Course Outline for Series Calculus and Linear Algebra

Prerequisite Course (s):
A grade of "C" or better in MTH 252 or equivalent

Required Text(s):
Stewart, Calculus: Concepts and Contexts, 3^rd Edition, 2005, Thomson
TenEyck and Ferguson, Linear Algebra Packet

Other Requirements:
Graphing calculator. TI-86, TI-89, or TI-92 recommended

Course Description:
Combines topics from linear algebra and infinite series. Includes geometric, Taylor and
Fourier Series work with applications; and systems applications using matrices and
determinants.

Performance Based Learner Outcomes:
Upon successful completion of the course, students should be able to:

1. Create mathematical models of abstract and real world situations using geometric,
power , Taylor and Fourier series, and situations involving linear systems using matrices
and determinants.
2. Use inductive reasoning to develop mathematical conjectures involving infinite series
models and linear systems modeled with matrices.

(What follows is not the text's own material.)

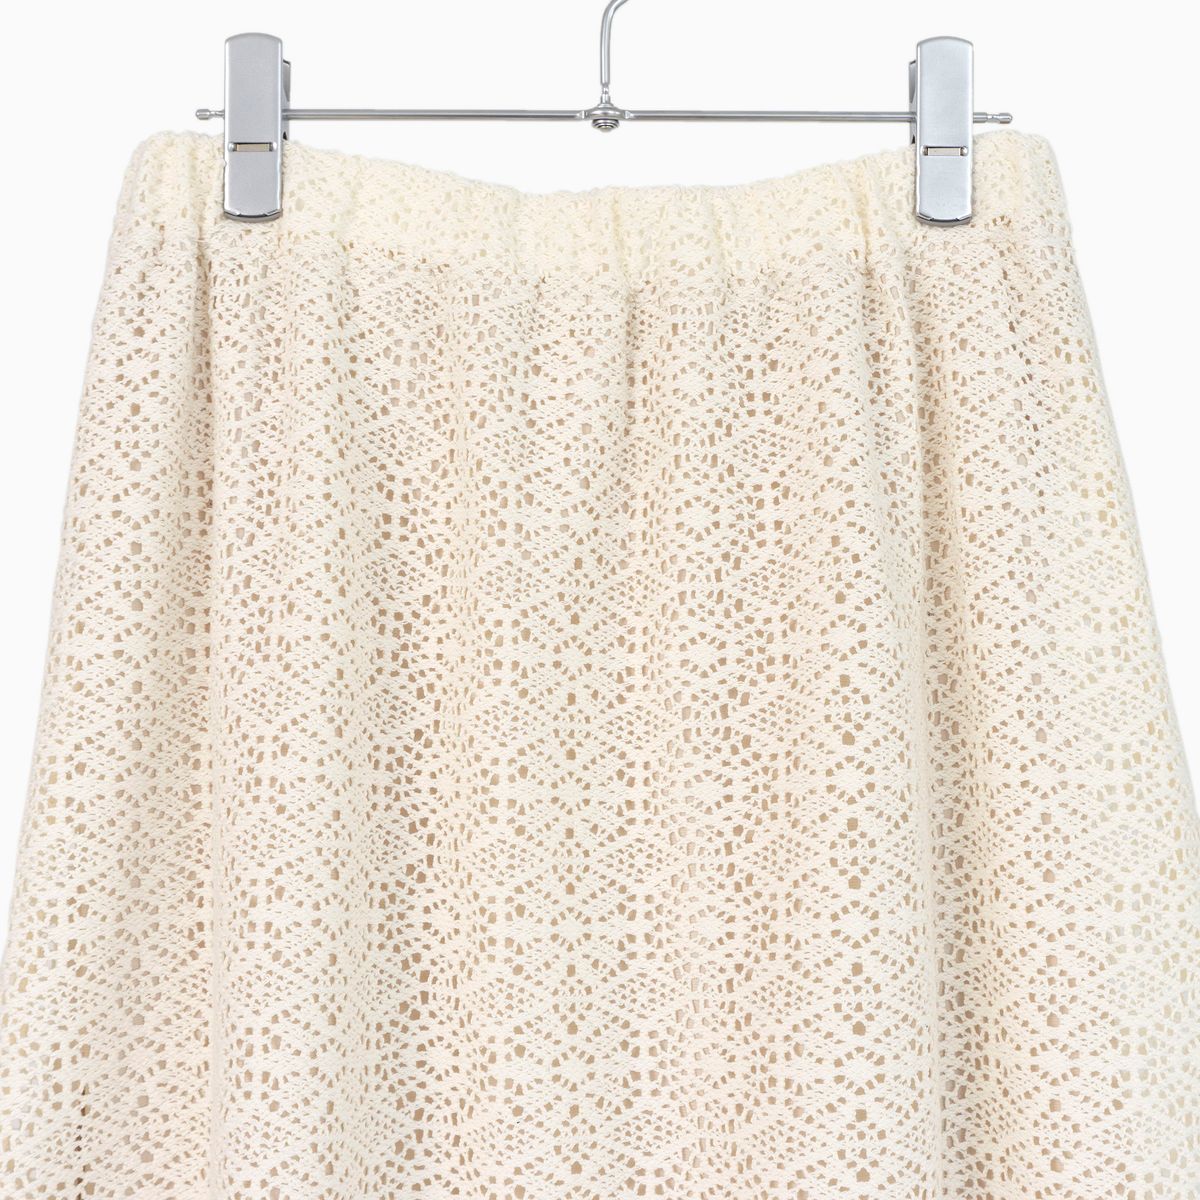 ラッセルレーススカート | Manna | 服飾雑貨・アパレルの仕入れに最適

Use deductive reasoning to verify
and apply mathematical arguments involving these models.
3. Use mathematical problem solving techniques involving infinite series and linear
systems using matrices.
4. Make mathematical connections and solve problems from other disciplines involving
infinite series and linear systems using matrices.
5. Use oral and written skills to individually and collaboratively communicate about
infinite series and their behavior, and about linear systems using matrices and
determinants.
6. Use appropriate technology to enhance mathematical thinking and understanding, to
solve mathematical problems involving infinite series models and to solve problems
involving linear systems using matrices and determinants.
7. Do project that encourage independent, nontrivial exploration of infinite series and
linear systems application and models.

Course Content:

I. Number Sense
A. Determine subsequent values of a given sequence according to apparent pattern
B. Write symbolic model (general nth term) of series given numeric data
C. Predict convergence of series given numeric data
D. Evaluate determinants of matrices

II. Symbolism
A. Given the general term of sequence or series, write numeric list or sum of series
B. Evaluate sums of series symbolically
C. Test for convergence of series symbolically
D. Write the Taylor series approximations for given functions
E. Given symbolic form of a square wave , write its Fourier series approximation
F. Use Taylor series approximations of functions in differentiation , integration, and
evaluation of limits of function
G. Apply the algebra of matrices , including scalar and matrix multiplication , matrix
addition, transposition, evaluation of determinants and determination of eigenvalues
and eigenvectors

III. Problem Solving
A. Use graph analysis to predict convergence of series
B. Solve problems modeled by geometric series
C. Use graph analysis to solve linear systems of equations in R ²
D. Use inductive and deductive reasoning to generalize solutions in R² to linear systems
in Rⁿ
E. Create graphical interpretation of solution of linear systems in R³
F. Solve a variety of problems in linear algebra including linear programming,
difference equations and Markov chain applications

IV. Technology
A. Use calculator or CAS programs to sum series
B. Use calculator or CAS to predict convergence of sequences and series
C. Use CAS to evaluate and graph Fourier approximation of a wave
D. Solve equations using appropriate technology
E. Use graphing calculator or CAS to determine the solutions of systems of linear
equations, and interpret and investigate the characteristics of solutions, individually
and in groups.

V. Communication
A. Express interpretations of local and global behavior of a series in written and oral
form
B. Express interpretations of solutions of linear systems in written and oral form
C. Explain the reasoning used to arrive at a mathematical conclusion
D. Read, write, hear and speak mathematical ideas, individually and in groups

Course Content Outline:

I. Infinite Series
A. Sequence and series patterns
B. Tests for Convergence (including n^th term, ratio, comparison, and integral)
C. Geometric Series
D. Binomial Series
E. Taylor Series
F. Fourier Series
G. Applications of infinite series
H. Error analysis

II. Systems of Linear Equations
A. Row Reduction and Echelon Forms
B. Vector Equations
C. Matrix Equations
D. Solution Sets
E. Linear Independence
F. Linear Transformations

III. Matrix Algebra
A. Matrix Operations
B. Inverses and Their Characteristics
C. Subspaces of Rⁿ

IV. Determinants

V. Vector Spaces
A. Dimensions
B. Nullspace
C. Bases
D. Coordinate Systems
E. Rank

VI. Eigenvalues and Eigenvectors
A. Characteristic Equation
B. Diagonalization
C. Linear Transformations